27. What is the effect of a partys failure to offer its evidence? (Heirs of Pasag vs. Parocha, 522 SCRA
410)
The rule on formal offer of evidence is not a trivial matter. Failure to make a formal offer within a considerable
period of time shall be deemed a waiver to submit it.
Waiver of the Offer of Evidence
The Rules of Court provides that "the court shall consider no evidence which has not been formally offered." A
formal offer is necessary because judges are mandated to rest their findings of facts and their judgment only
and strictly upon the evidence offered by the parties at the trial.10 Its function is to enable the trial judge to
know the purpose or purposes for which the proponent is presenting the evidence.11 On the other hand, this
allows opposing parties to examine the evidence and object to its admissibility. Moreover, it facilitates review as
the appellate court will not be required to review documents not previously scrutinized by the trial court.

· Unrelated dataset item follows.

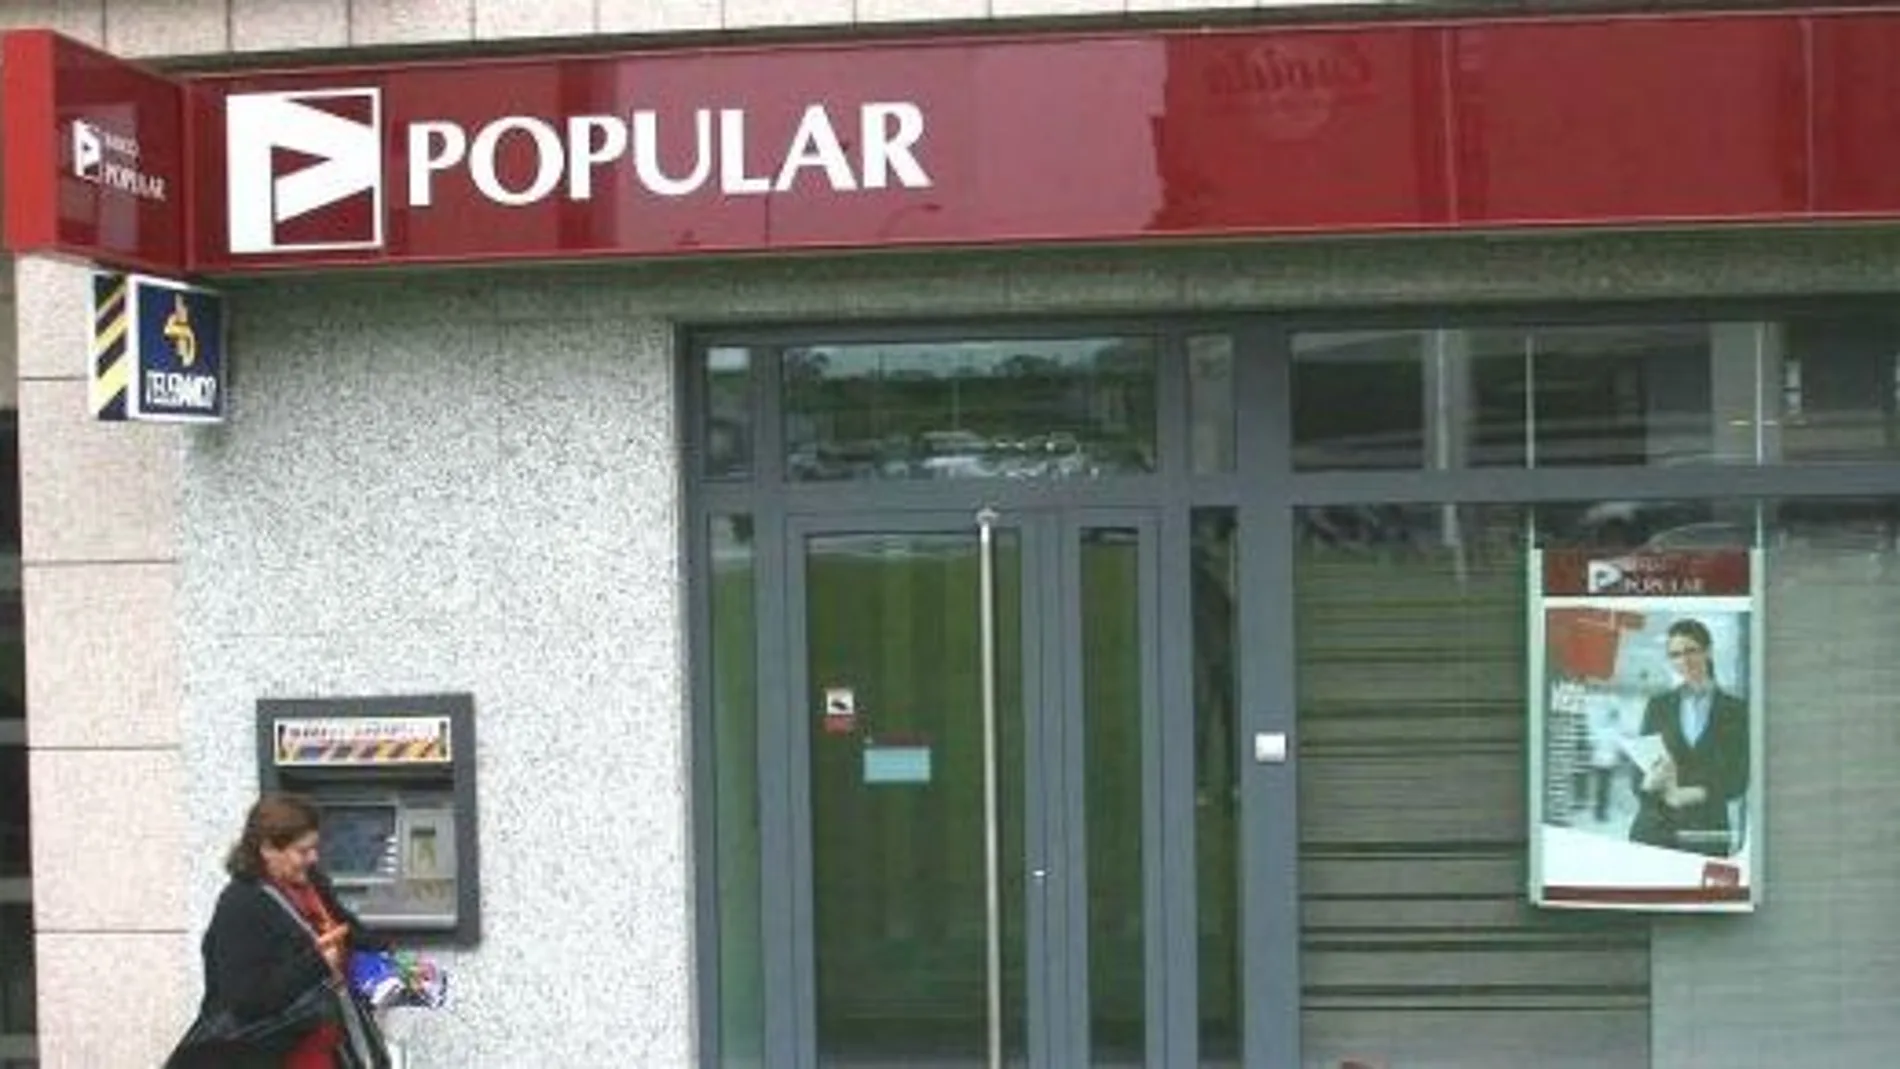 Oficina del Banco Popular

Strict adherence to the said rule is not a trivial matter. The Court in Constantino v. Court of Appeals13 ruled
that the formal offer of ones evidence is deemed waived after failing to submit it within a considerable period
of time. It explained that the court cannot admit an offer of evidence made after a lapse of three (3) months
because to do so would "condone an inexcusable laxity if not non-compliance with a court order which, in
effect, would encourage needless delays and derail the speedy administration of justice."14
28. When should the court rule on the admissibility of a documentary evidence? (Yu vs. CA, 476 SCRA
443)
While trial courts have the discretion to admit or exclude evidence, such power is exercised only when the
evidence has been formally offered. For a long time, the Court has recognized that during the early stages of
the development of proof, it is impossible for a trial court judge to know with certainty whether evidence is
relevant or not, and thus the practice of excluding evidence on doubtful objections to its materiality should be
avoided
In the instant case, the insurance application and the insurance policy were yet to be presented in court, much
less formally offered before it. In fact, private respondent was merely asking for the issuance of subpoena
duces tecum and subpoena ad testificandum when the trial court issued the assailed Order. Even assuming
that the documents would eventually be declared inadmissible, the trial court was not then in a position to
make a declaration to that effect at that point. Thus, it barred the production of the subject documents prior
to the assessment of its probable worth. As observed by petitioners, the assailed Order was not a mere ruling
on the admissibility of evidence; it was, more importantly, a ruling affecting the proper conduct of trial.